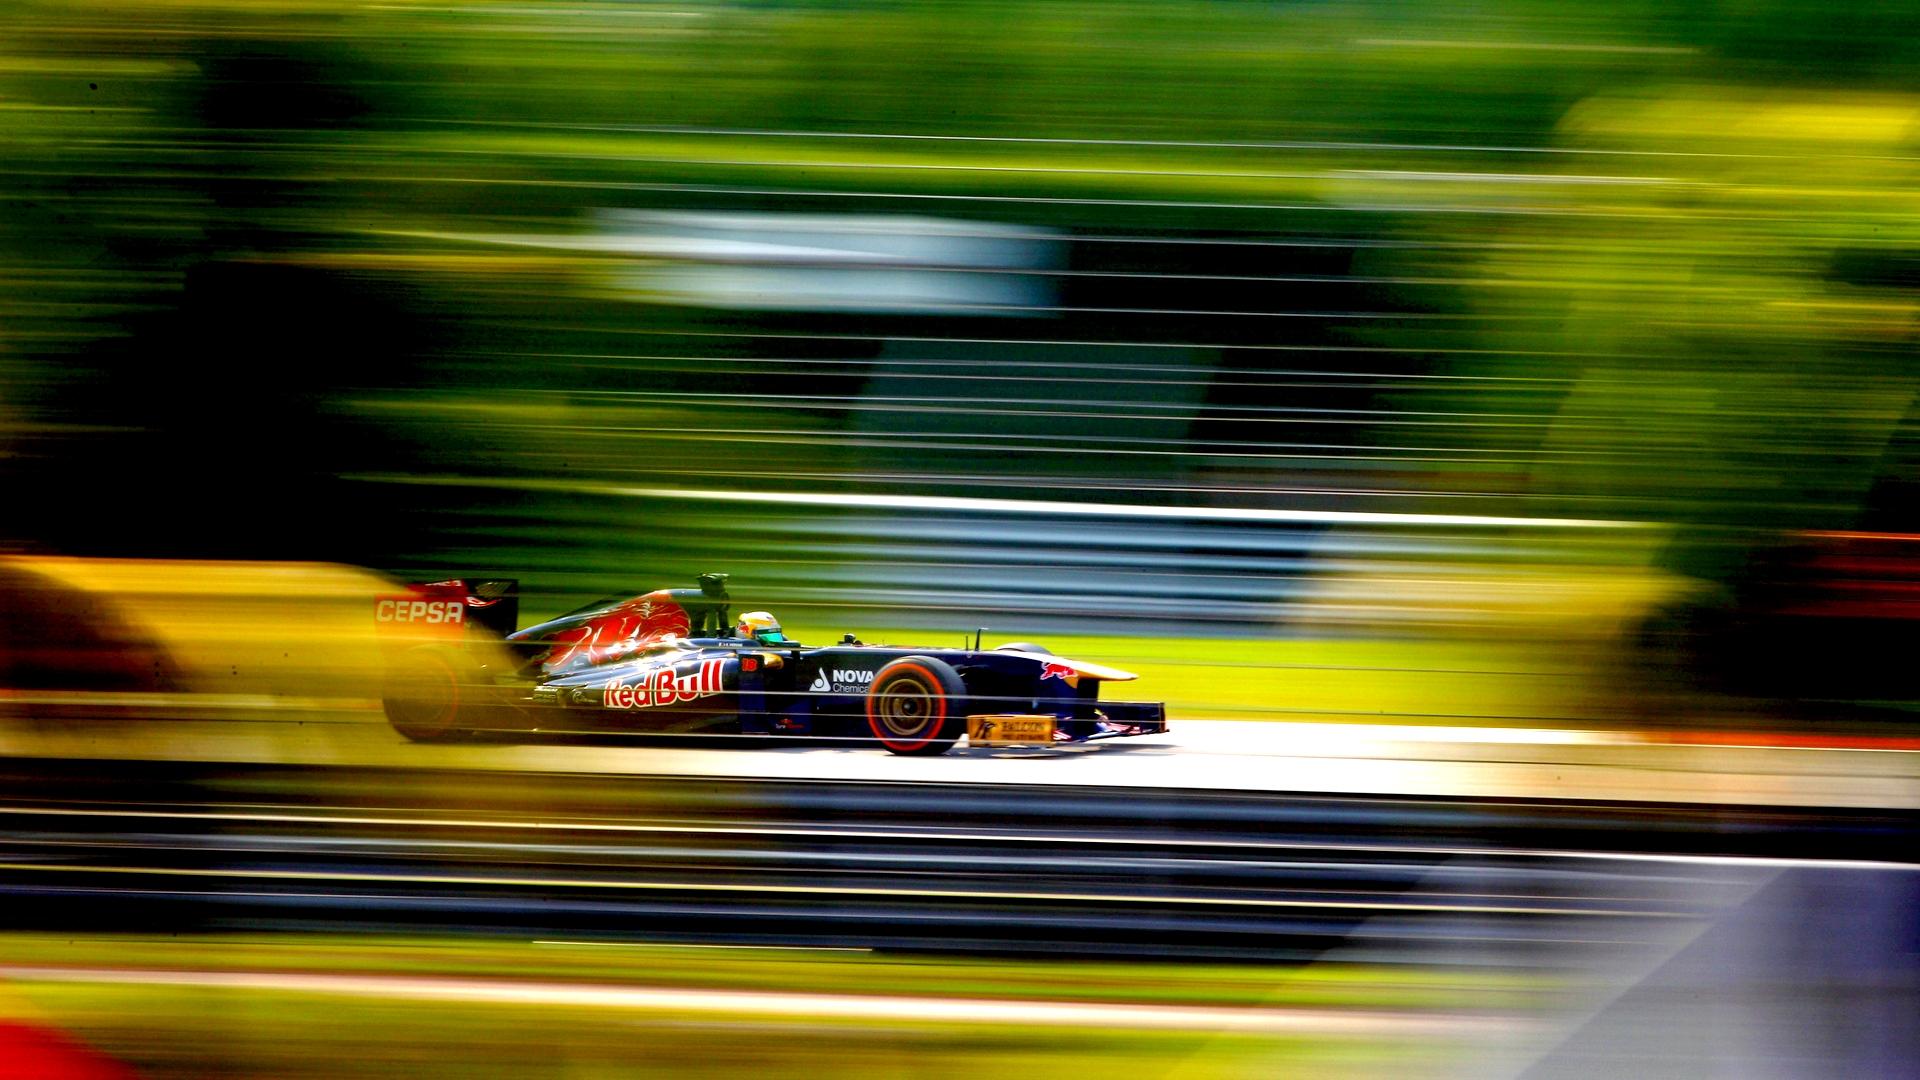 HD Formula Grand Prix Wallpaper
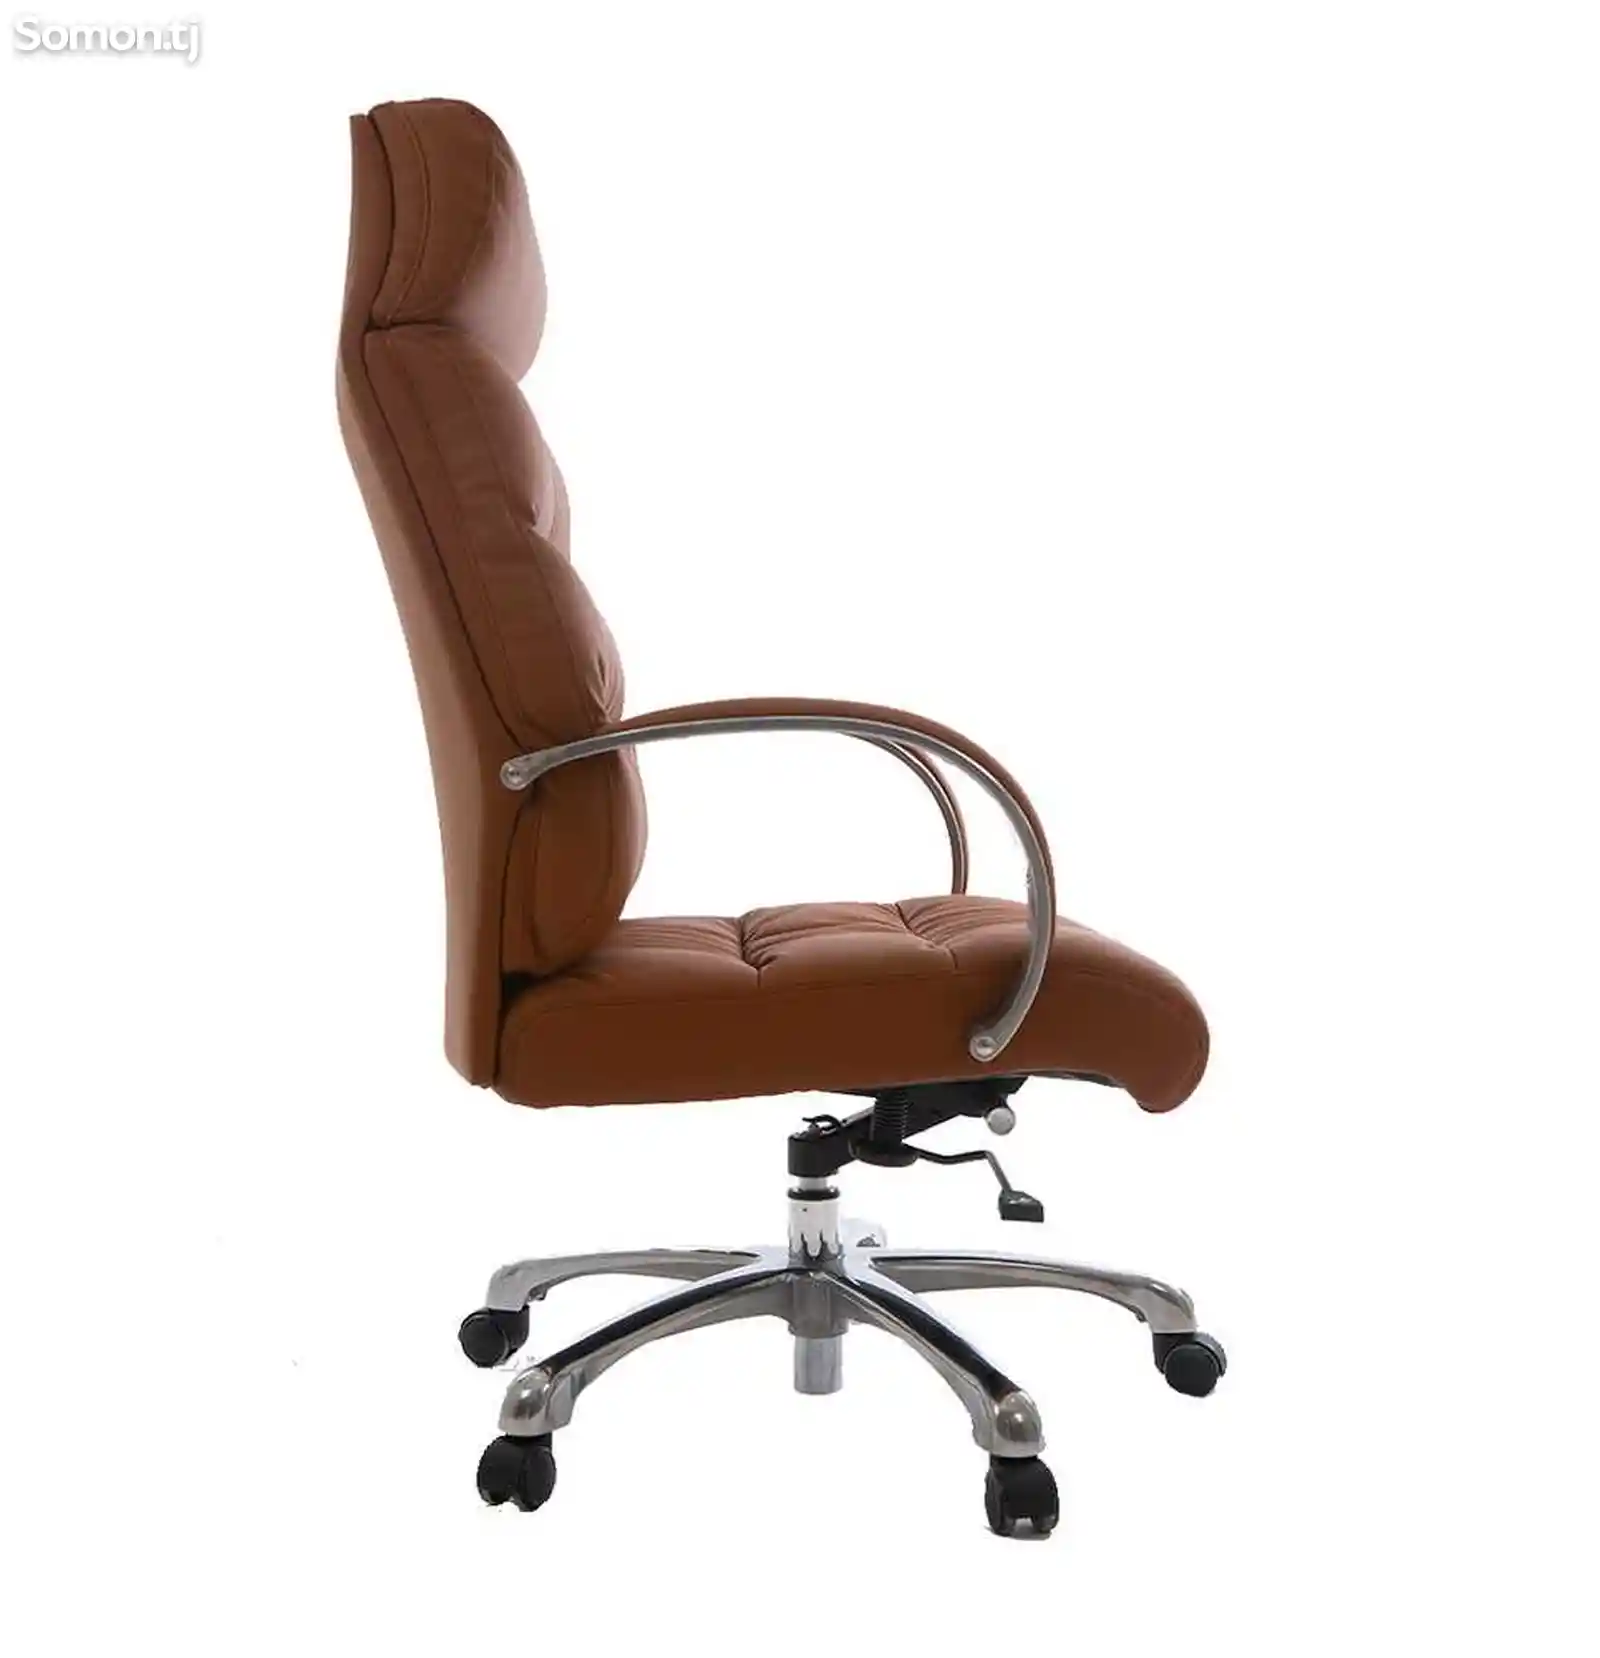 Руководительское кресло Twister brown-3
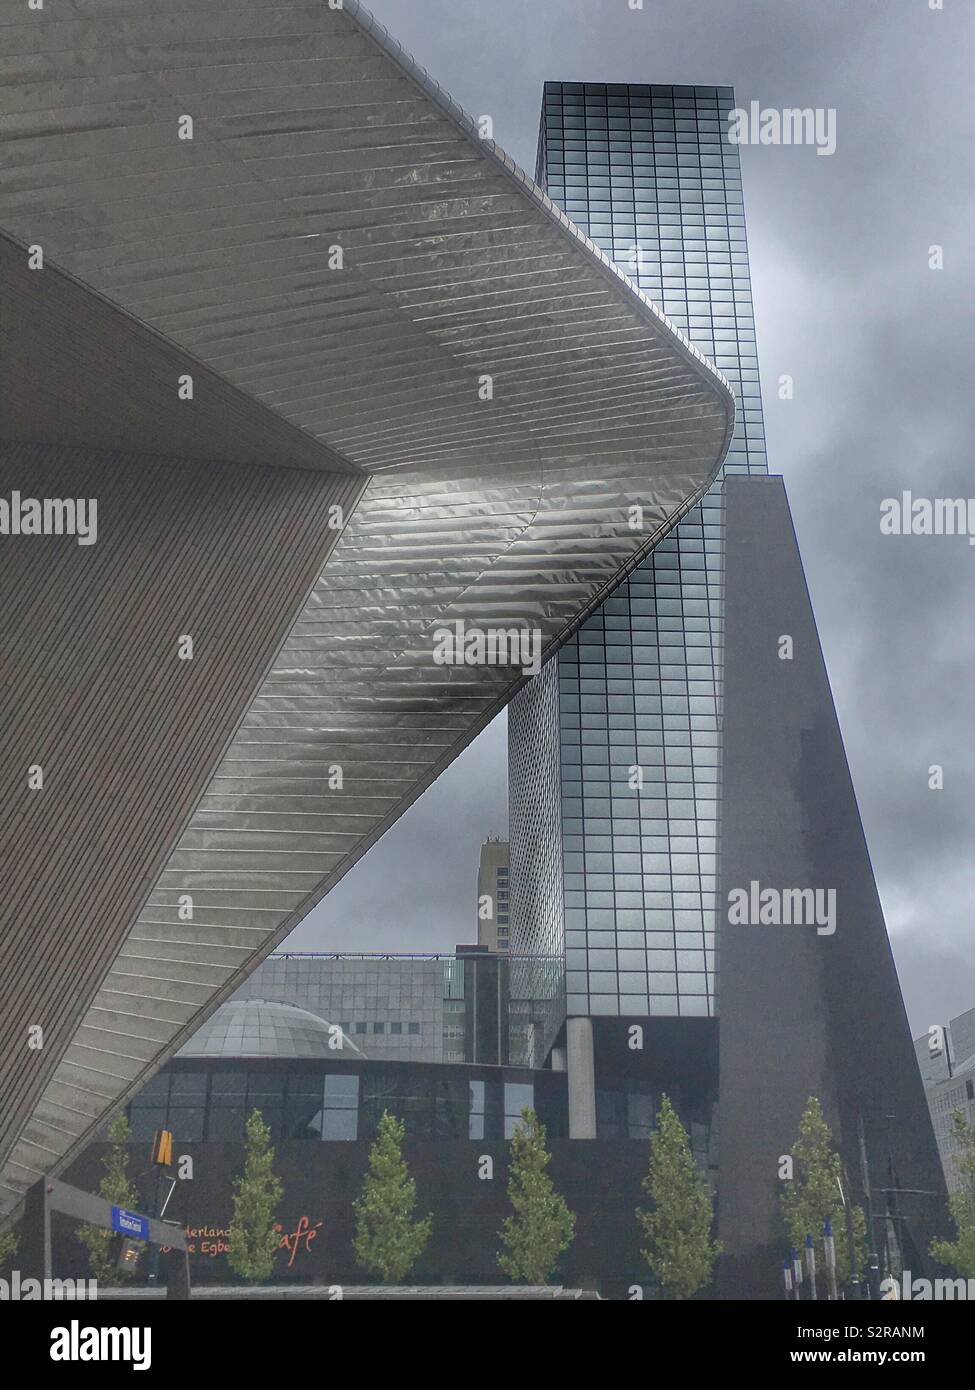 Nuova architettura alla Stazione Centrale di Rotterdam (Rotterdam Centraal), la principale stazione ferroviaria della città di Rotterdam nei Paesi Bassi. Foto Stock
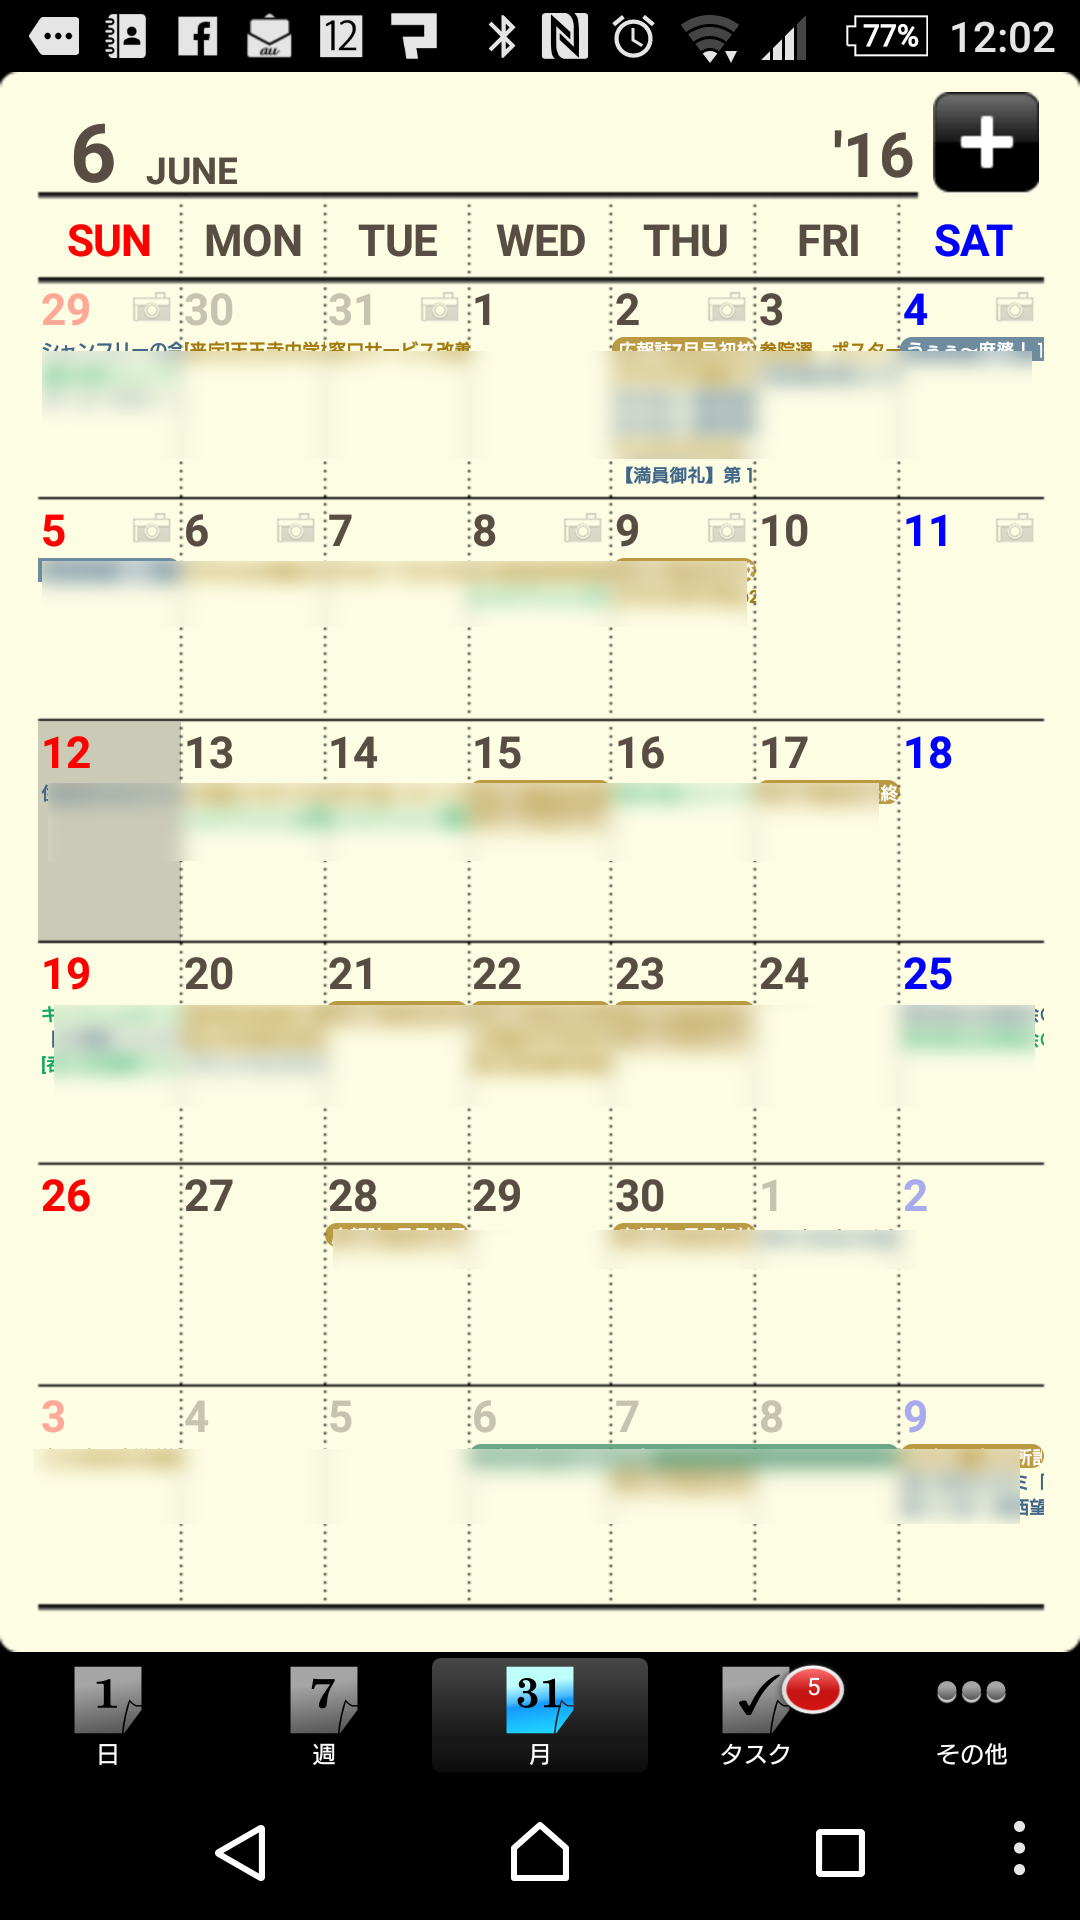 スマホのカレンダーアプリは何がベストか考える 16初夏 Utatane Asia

※ ※ ※

#### About this task:
What the reply must contain is an exact transcription of the data above and none of its pictures.

#### Task result:
 HD Formula Grand Prix Wallpaper
 Руководительское кресло Twister brown-3
 Nuova architettura alla Stazione Centrale di Rotterdam (Rotterdam Centraal), la principale stazione ferroviaria della città di Rotterdam nei Paesi Bassi. Foto Stock
 スマホのカレンダーアプリは何がベストか考える 16初夏 Utatane Asia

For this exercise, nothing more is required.